The French Armed Forces conducted a rifle evaluation and trial to replace the FAMAS, and selected the HK416F as its primary firearm in 2016. Of the 93,080 rifles, 54,575 will be a "short" version with a 280 mm barrel weighing 3.7 kg without the ability to use a grenade launcher, and 38,505 will be a "standard" version with a 368 mm barrel weighing 4 kg, of which 14,915 will take FÉLIN attachments; standard rifles will be supplied with 10,767 HK269F grenade launchers. 5,000 units are supposed to be delivered in 2017, half of the order delivered by 2022, and the order fulfilled by 2028. The first batch of 400 rifles was delivered on 3 May 2017.

In 2017, the Bundeswehr began the System Sturmgewehr Bundeswehr (Bundeswehr Assault Rifle System) effort to replace the G36, spurred in part by accuracy issues from thermal expansion of the barrel. Weapons put forth were the Heckler & Koch HK416, HK433, and Haenel MK 556. Initially, C.G. Haenel won the competition in September 2020 with their MK 556. However, German authorities cancelled the contract the next month, amid allegations that the MK 556 infringed on Heckler & Koch patents, and the HK416A8 was selected in early 2021. Haenel sued to attempt to reverse the decision, but a German court dismissed the lawsuit in June 2022. The 419 mm barrel G95A1 and the shorter 355 mm barrel G95KA1, based on the HK416A8, were adopted by the Bundeswehr in 2025 as the standard issue service rifles for the German Army (Heer), replacing the G36.
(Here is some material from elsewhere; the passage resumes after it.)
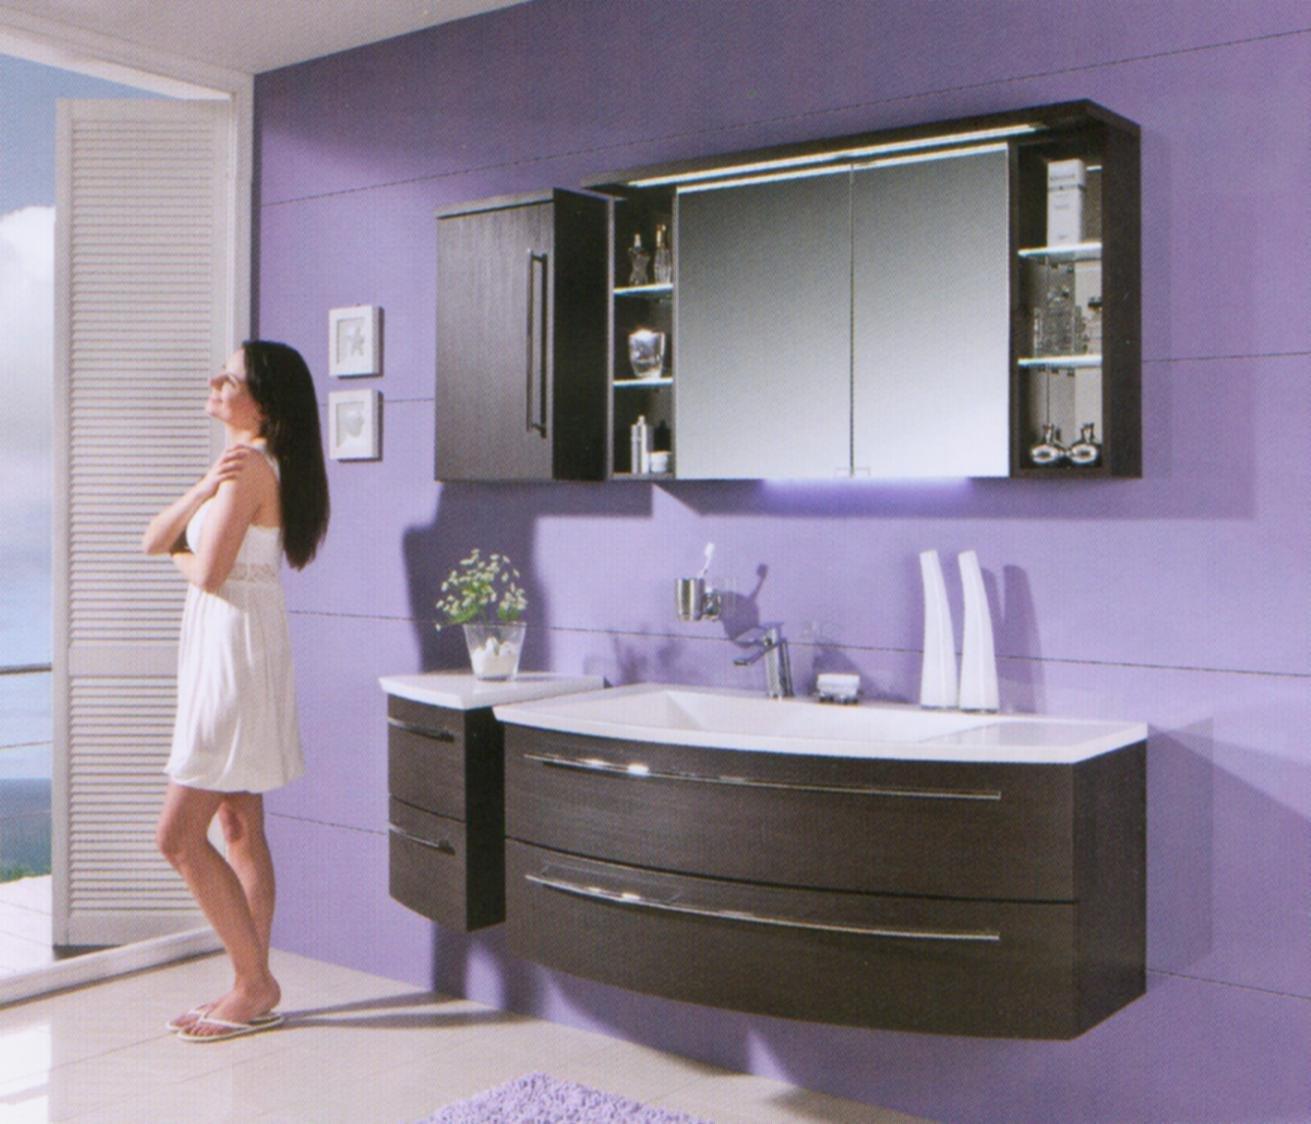 puris crescendo waschtischunterschrank 120 cm. Black Bedroom Furniture Sets. Home Design Ideas

===Influence on other manufacturers' designs===
The Turkish company Makina ve Kimya Endustrisi Kurumu ("Mechanical and Chemical Industry Corporation") had considered manufacturing a copy of the HK416 as the MKEK Mehmetçik-1 for the Turkish Armed Forces. Instead, the new MPT-76 rifle has been developed by KALEKALIP with MKEK as the producer, with the Mehmetçik-1 dropped from adoption into the Turkish military.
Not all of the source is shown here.